Colloquium on Mexico

By Colette-Janae Buck, Contributing Writer

Drug trafficking. Migration. Corruption. These are some of the topics the two-day EWU Colloquium on Mexico focused on.

The colloquium was the first of its kind as an in-depth country analysis at Eastern that took the form of a conference Feb. 10 and 11. Joseph Lenti, Ph.D and one of the chairs of the event, said the goal of holding the event was “to make issues in Mexico much more salient, much more important in the opinions of peoples on campus and in the community.” Lenti is an assistant Latin American history professor at EWU.

Consisting of seven panel events with topics ranging from women’s rights in Mexico to the trafficking of drugs across the border for U.S. enjoyment, Eagle Entertainment and the Colleges of Social and Behavioral Science presented the EWU Colloquium on Mexico seeking to inform students and create a dialogue on the pressing issues that affect contemporary Mexico.

Lenti said the event was also organized to grant an understanding to students that Mexico is a political, cultural and economic partner with the United States. “I would like students to leave [the colloquium] knowing that Mexico’s destiny is linked to ours, they are intertwined,” said Lenti. “We have so many personal connections to Mexico. We have students on campus, hispanic students who have connections to Mexico. If the nation descends into chaos, its something that we too will feel.”

Many of the issues that headlined the panels and discussions focused around emigration, the corruption of Mexicos state government due to drug cartels infiltrating local governments and police impunity. However, one all-women panel, Women’s Activism in Mexico: Transnational Protest and Resistance, focused more on the United States’ involvement in plummeting conditions in Mexico due to trading and product demands.

EWU student Jana Gibson attended the panel and said it was interesting. “As an American consumer, I didn’t know that you are indirectly a part of exploiting Mexican women who are factory workers,” Gibson said.

The trade and low-wage labor factories near the U.S.-Mexico border are called maquiladoras. Conditions the women working are subjected to inside the maquiladoras is something Gibson said also struck her in the panel. “Pregnancy gets in the way of labor. The head bosses basically sterilize the women, put them on birth-control and ramp them up on drugs,” said Gibson. “They’re not even people.”

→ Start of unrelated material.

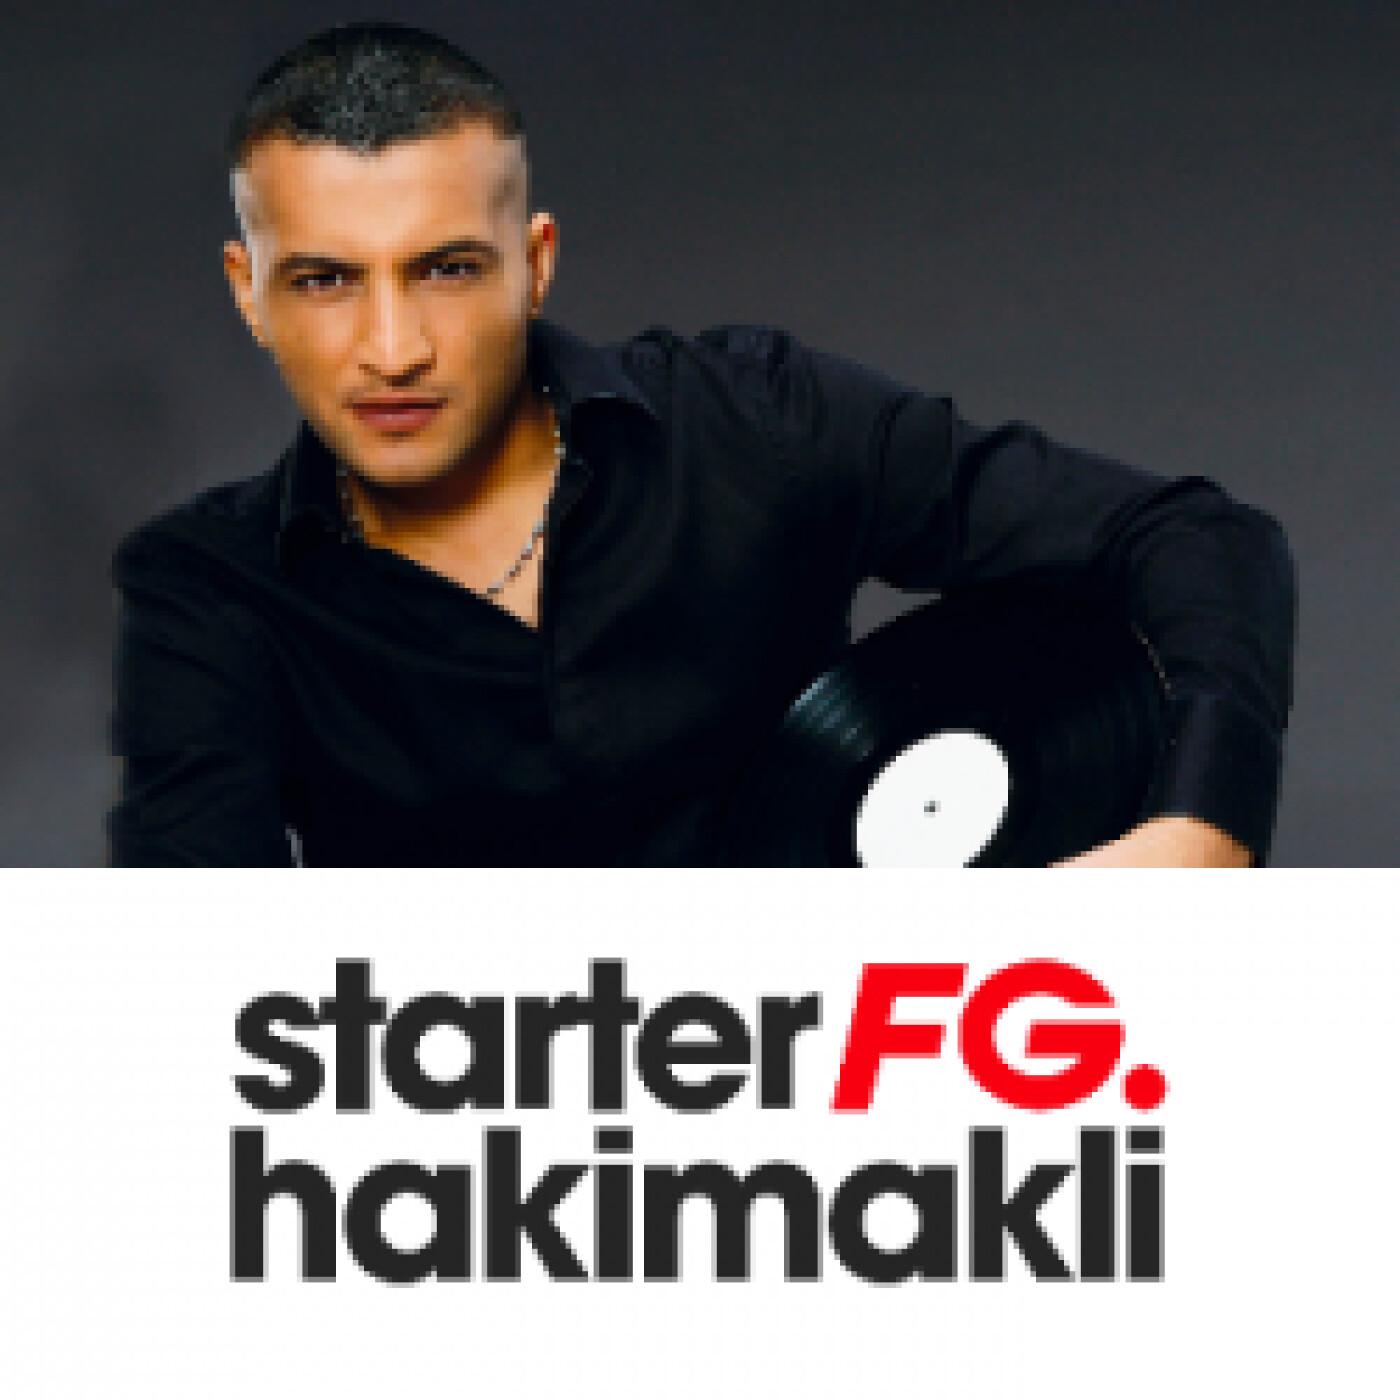 STARTER FG BY HAKIMAKLI JEUDI 4 MARS 2021
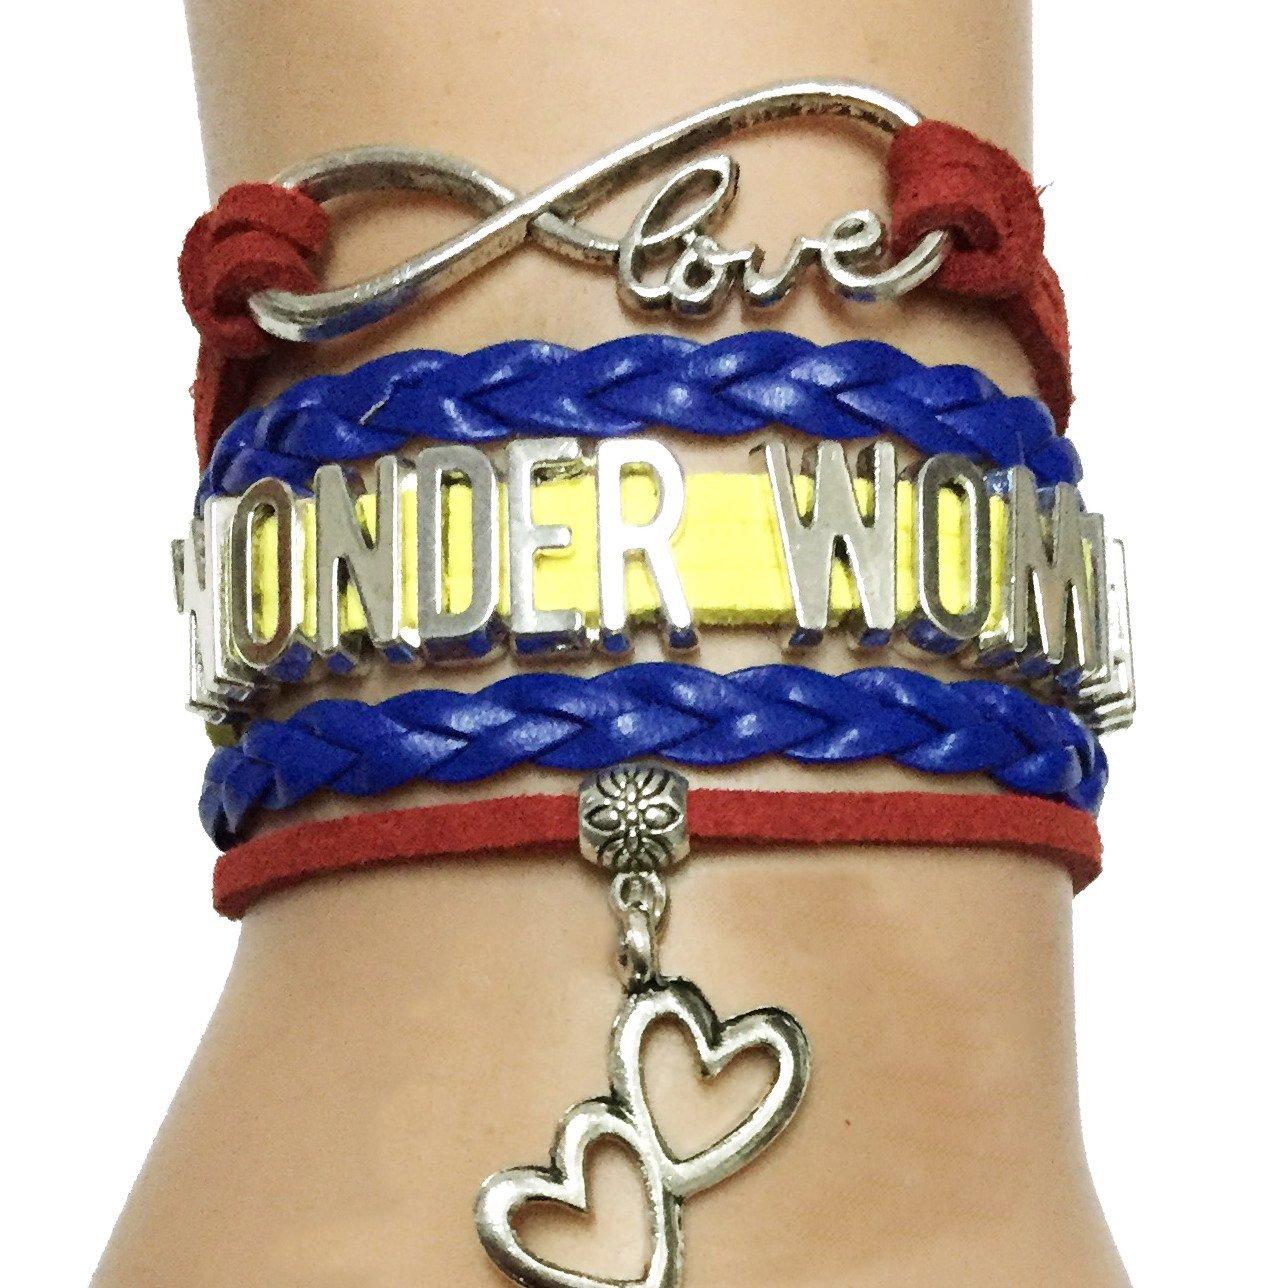 DOLON Brand Wonder Woman Bracelet - Comic-Con -Infinity Jewelry - Cosplay - Perfect Gift idea

Not only was the event a forum for students to listen and learn, it was also a place to share ideas and become involved in the conversation.

Tobias Revand, EWU student, attended three events on Wednesday night. He said he attended to “gain more understanding of what is going on in the Mexico region.” Despite initially going for extra credit, Revand said he ended up learning a lot about the struggles in Mexico, particularly about the ongoings in Acapulco, Guerrero.

“One thing that really struck me was the situation in Acapulco and its surrounding areas,” said Revand. “It is basically like a medieval system where [residents] promise their political alliance to area leaders, and [the leaders] would give you protection, which you wouldn’t have otherwise.”

One of the roundtable discussions, Ayotzinapa in Context: Social Violence and Police Impunity, highlighted specifically the deaths of 43 Ayotzinapa student-teachers who were killed in 2014 by a local crime syndicate. The open discussion was lead by History and Chicano Studies professor Nydia Martinez who gave a brief introduction into the repressive nature of the Mexican government in opposition of political protests.

According to Revand, the roundtable discussion was a platform where students and faculty vocally engaged in the conversations. “I do feel like the conference was starting a conversation with the people, and that’s what I liked about it,” said Revand. “People were interacting, people were talking to [the panelists], people were involved, which was nice. That’s what I liked about the roundtable discussions.”

Revand said in retrospect he feels like the colloquium achieved its overall goal of creating awareness about Mexico within Eastern’s community. “They’re doing a great job of bringing up the problems to people like myself who don’t know,” he said. “I feel like I know a lot more.”